There were thousands who couldn’t get in to the Workhouses and they camped outside the grounds. It was reported at the time that the fields surrounding the Workhouses were quite often brown instead of green because people were trying to survive by eating the grass. Those who couldn’t get in camped near the gates and slept in makeshift shelters. To keep from freezing to death in the winter, those who had recently died were used as blankets.
During that time, my Great grandfather managed to find a way to America along with his siblings. Subsequent census reports would suggest he never quite made it here in America either. While here, he married and fathered my Grandmother, his only child. When my Grandmother was three, her mother died. Six years later he died, in the Greene County Ohio poorhouse, leaving my grandmother an orphan. It is easy to imagine that on his deathbed, he would be reflecting on his life and see nothing but failure. I imagine as he looked back all he could see was that he hadn’t succeeded at anything. I can imagine also, that the fact that he was leaving my grandmother, his soon to be orphaned 9 year old daughter, was one more reminder of his wasted life and how much shame he must have felt.
No wonder no one in the family ever spoke of him. They must have believed that too.
So, as my friend asked, “What difference, really, can one person make?” I thought of my great grandfather and what a difference his decision to come to America has made to this world. As I stood there, at the site of the Coothill Workhouse, I was hoping that he could see what a gift his life had been. The gift of life that he had given so many of us. His grandsons (one of whom was my dad) and granddaughter did make it. His descendants, have done amazing things. Teachers, counselors, professors, great parents, college graduates among the ranks. Good things for the world. Incredible contributions. To the extent that I would guess, be beyond his comprehension.

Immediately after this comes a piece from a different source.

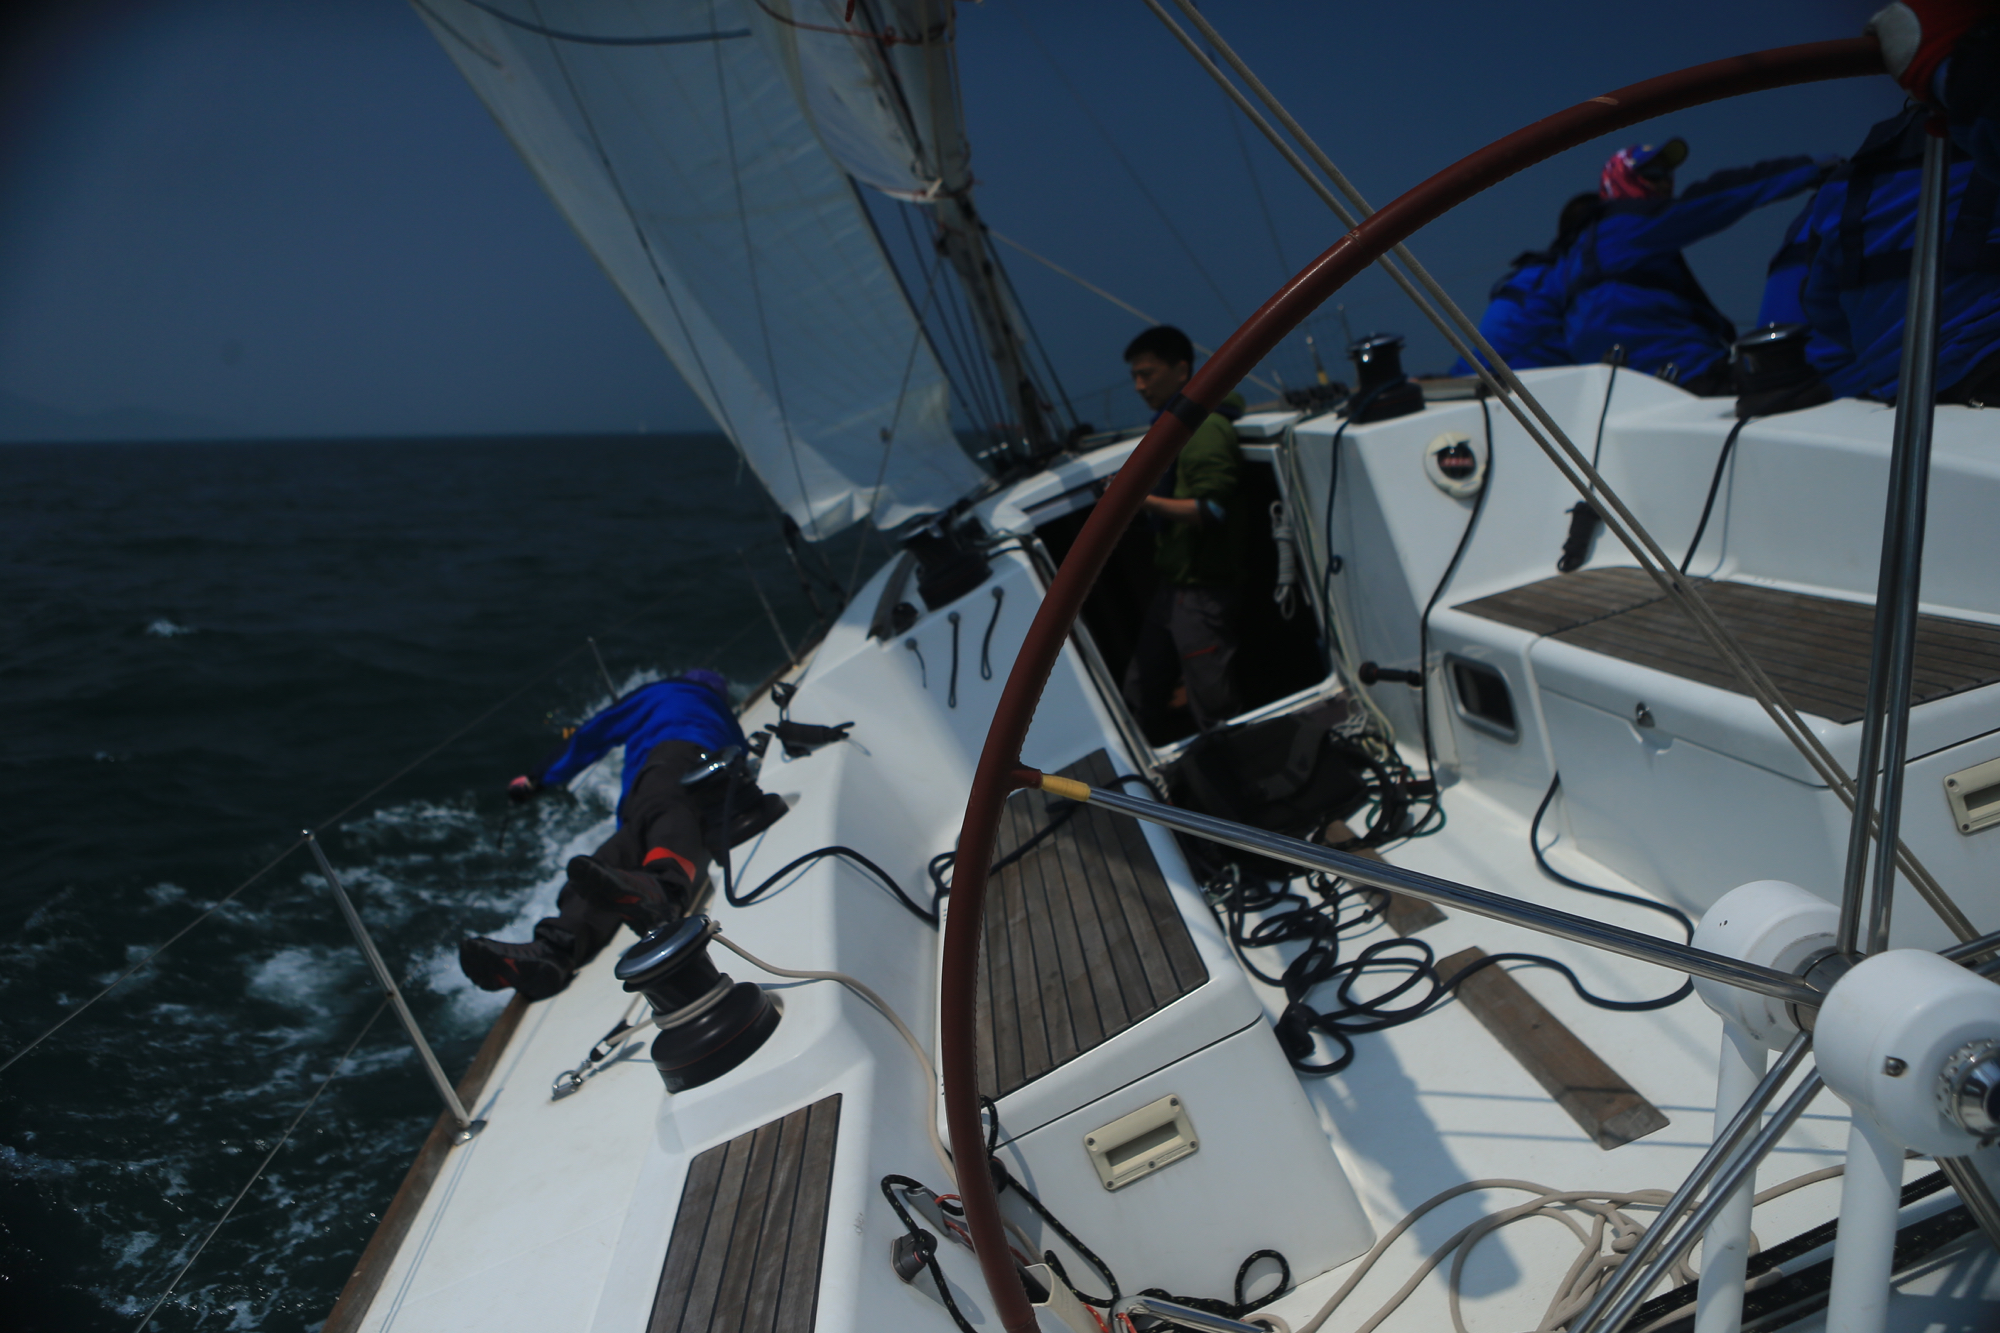 我要航海网帆船队-2015-CCOR - 059.jpg

Scientists are now suggesting that the emotional impact of traumatic events such as my Great Grandfather experienced is transmitted through our DNA to succeeding generations. It appears to me that two of the gifts he has given his descendants is having an extraordinary sensitivity to others and a big heart. Especially towards our fellow human beings who are today living lives that mimic his; we help them as we can. I was reminded that we may not be able to see the difference any of us make in our lifetimes, but two, three, four generations from now, who knows what will happen by our small act.
So, as Gandhi suggested, even though we can’t imagine what difference a single act can make (done just because it is the right thing to do) doesn’t mean that it doesn’t make a difference, and perhaps that’s what he meant when he said we must do it anyway.

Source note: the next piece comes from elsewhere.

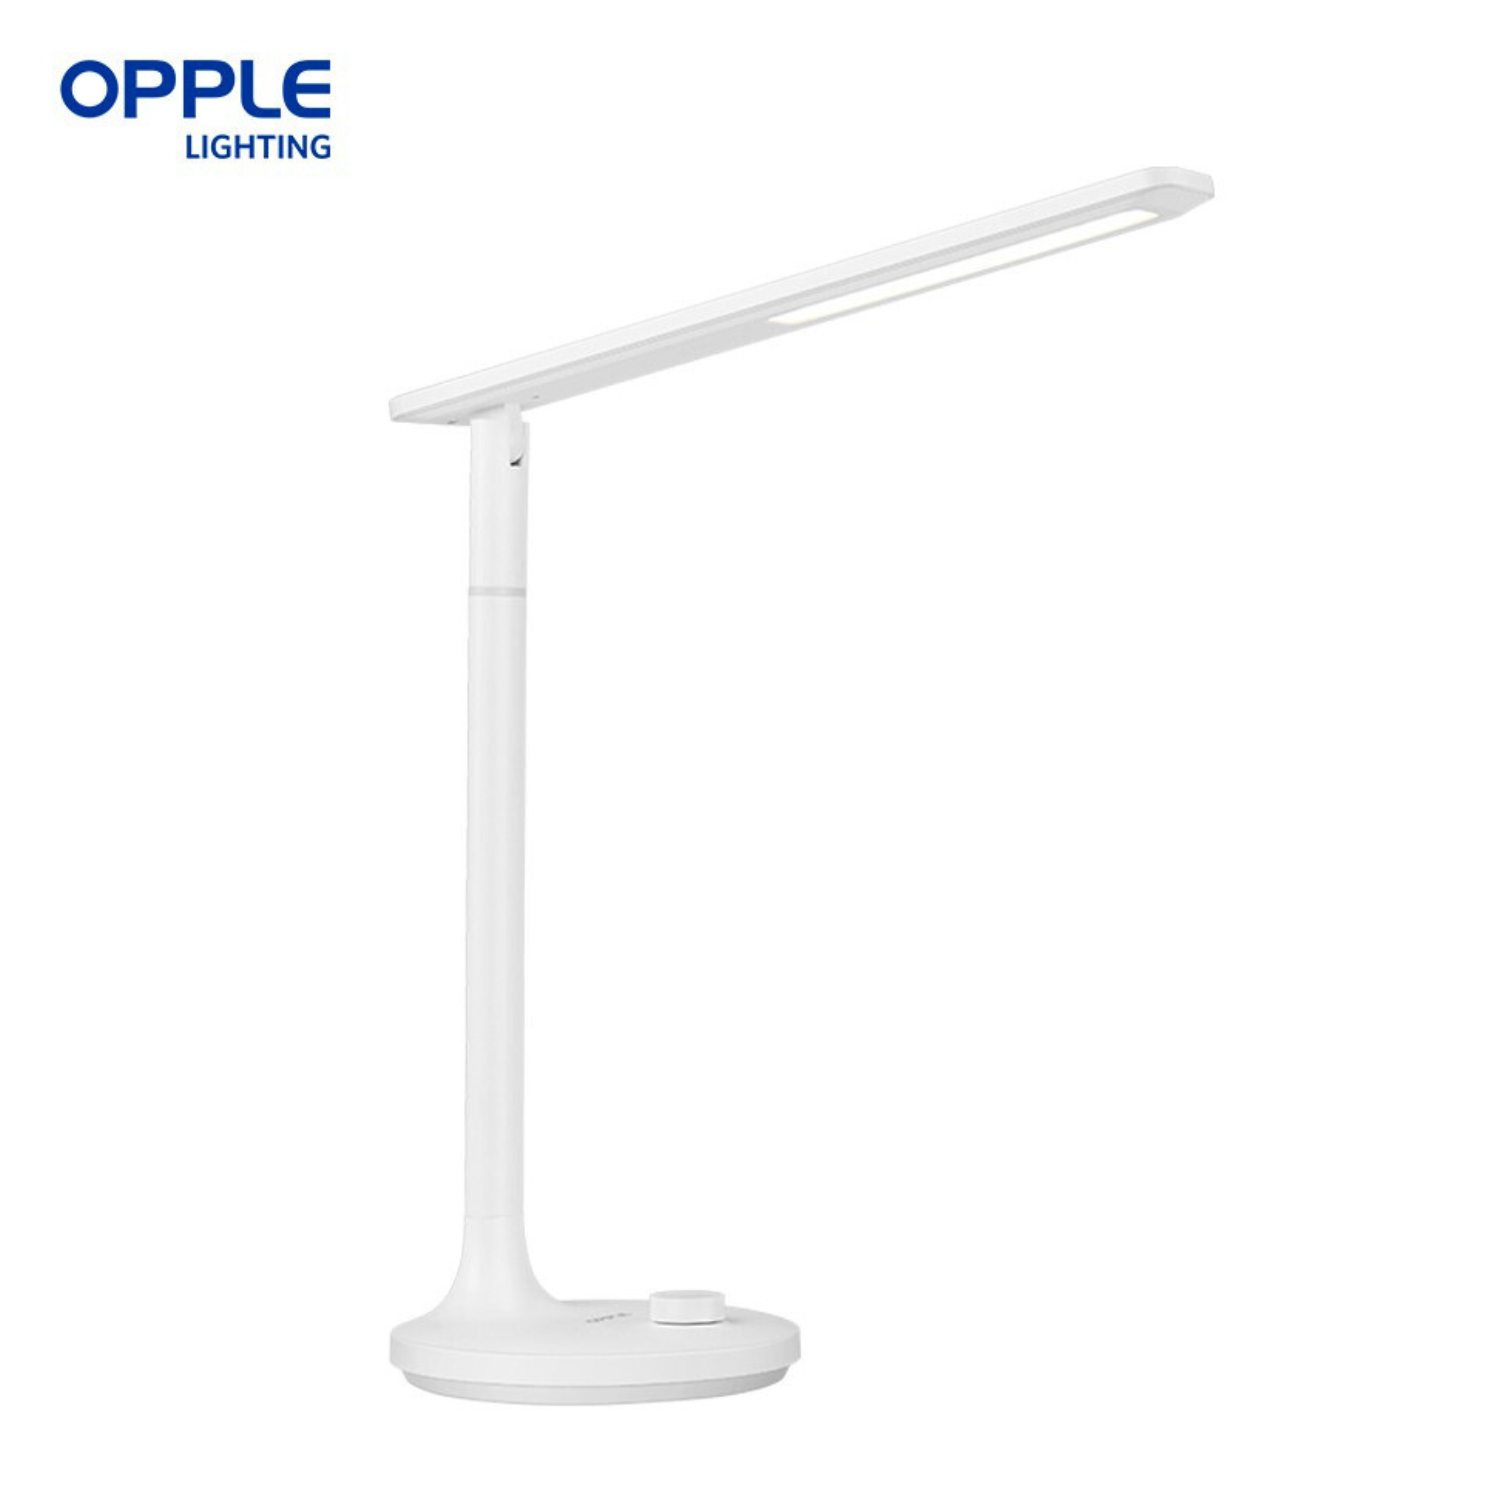 OPPLE RECHARGERABLE LED TABLE LIGHT [OPPLE LIGHT]

I had originally thought I was coming to Ireland to join my friend Peter for a workshop. I had no idea that I had come to meet another Peter, my Great Grandfather, Peter Smith. And I hoped, as I stood on a cliff at the edge of the Irish Sea (next stop America) that somehow, he could know of the gift his courageous act of coming to America had been. And that even though it may have seemed his life was a failure upon his deathbed, it wasn’t. I hope that I can give myself that same message on those days when looking back all I can see are my life’s failures. I hope that you can do that also.
I’d ask you to consider how where you came from and what your ancestors experienced may have shaped your life. I would hope that on those days when you look back on the parts of your life that could be seen as failures, there is a little voice that can say, “Well, one never knows for sure”.